O mundo em colapso, refletido na tela
Hollywood em 1975 também reagia ao ambiente político. A queda de Richard Nixon e o fim oficial da Guerra do Vietnã em abril daquele ano criaram uma atmosfera de desconfiança e desencanto. Filmes paranoicos, como Todos os Homens do Presidente e Rede de Intrigas, não apenas refletiam a crise de confiança nas instituições — eram produtos diretos dela. O cinema passou a ser veículo de denúncia, dúvida e resistência.
Havia, no fundo, a sensação de que a América não era o que prometia — e que o cinema precisava escancarar essa mentira.
Hollywood ontem e hoje: o que mudou?
Meio século depois, Hollywood é um lugar bem diferente. A Nova Hollywood deu lugar a uma Nova Indústria: mais digital, mais diversificada, mais consciente — e mais controlada.
Os grandes estúdios foram engolidos por conglomerados (Disney, Warner, Amazon, Netflix). O streaming substituiu a sala de cinema como principal vitrine. A inteligência artificial ameaça profissões criativas.
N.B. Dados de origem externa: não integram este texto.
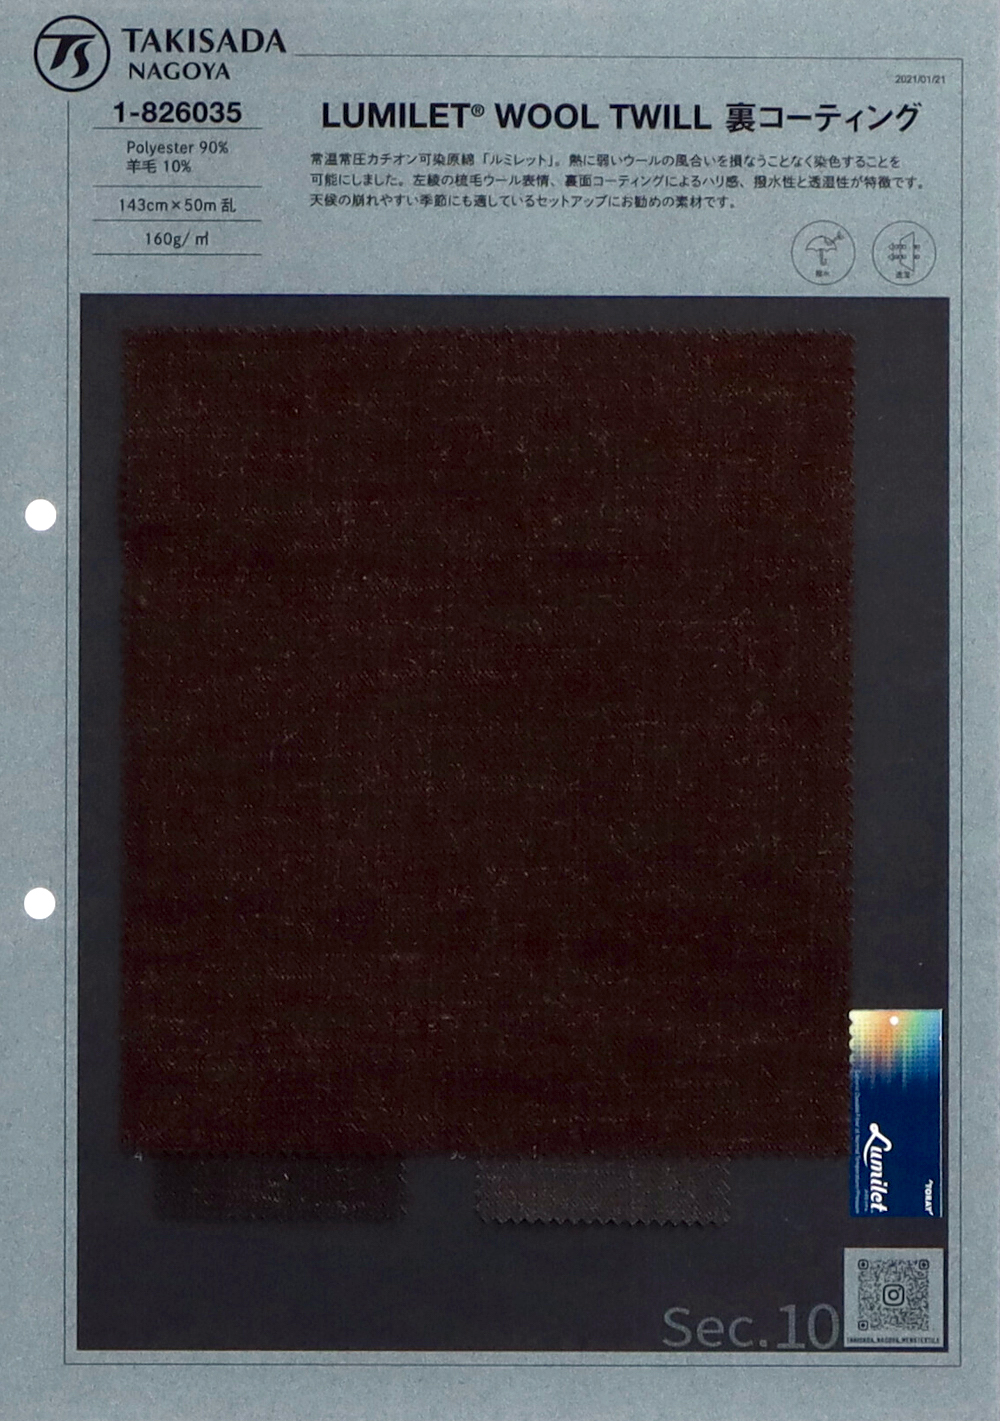 101-826035 LUMILET® WOOL TWILL Back Coating[Textile / Fabric] Takisada Nagoya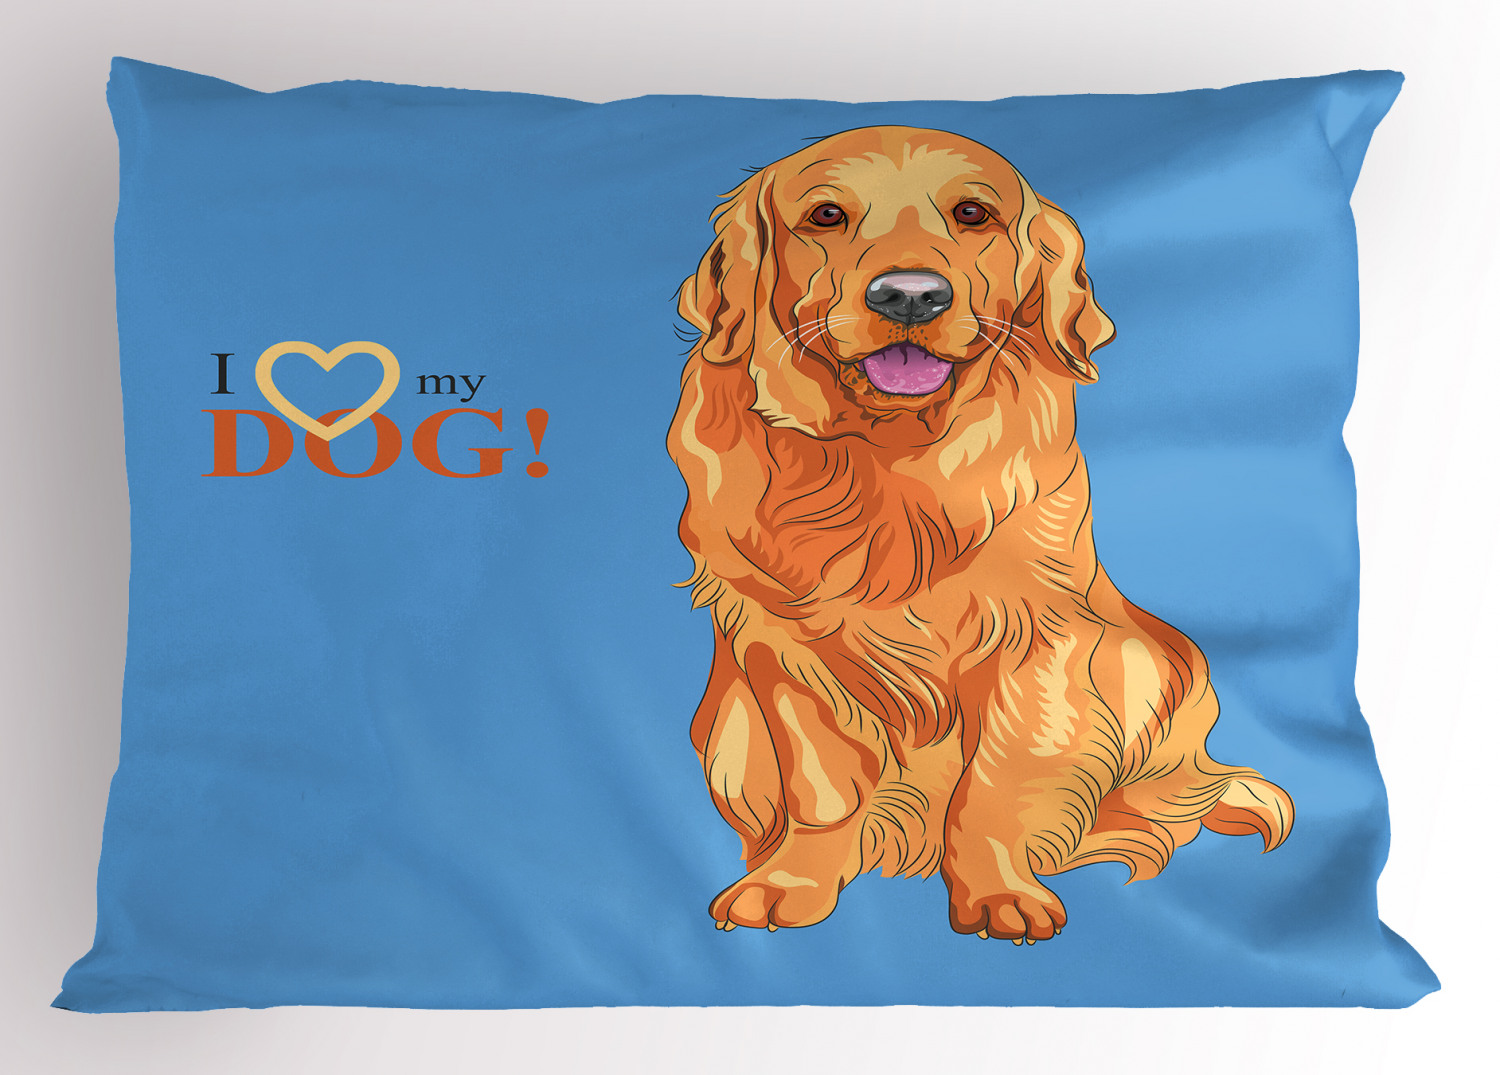 Dog Pillow Sham Decorative Pillowcase 3 Sizes Available for Bedroom Decor

E o sucesso, hoje, depende mais de franquias e propriedades intelectuais conhecidas do que de originalidade.
Se em 1975 um filme como Um Estranho no Ninho ou Taxi Driver podia ganhar milhões, hoje seria provavelmente uma minissérie da HBO. A figura do diretor autoral foi substituída por showrunners e executivos de IP (Propriedade Intelectual). A arte do risco cedeu espaço ao algoritmo da certeza.
Mas há também conquistas: as mulheres e pessoas racializadas têm mais espaço, o assédio começou a ser denunciado com seriedade após o movimento #MeToo, e há um esforço crescente por representatividade. A rebelião de 1975 plantou sementes que, décadas depois, começam a florescer.
Um espelho partido
Hollywood em 1975 era, ao mesmo tempo, um reflexo e uma distorção do mundo real. Seus filmes podiam denunciar o sistema, mas seus bastidores muitas vezes o reproduziam. Era uma fábrica de sonhos que flertava com o pesadelo — mas que, nessa tensão, produziu algumas das obras mais poderosas da história do cinema.
Hoje, os sonhos são mais calculados, os escândalos mais digitalizados, e os riscos mais diluídos. Ainda assim, persiste a pergunta que inquietava aquela geração: o que o cinema deve ser — entretenimento ou espelho? A resposta, talvez, continue mudando a cada nova revolução.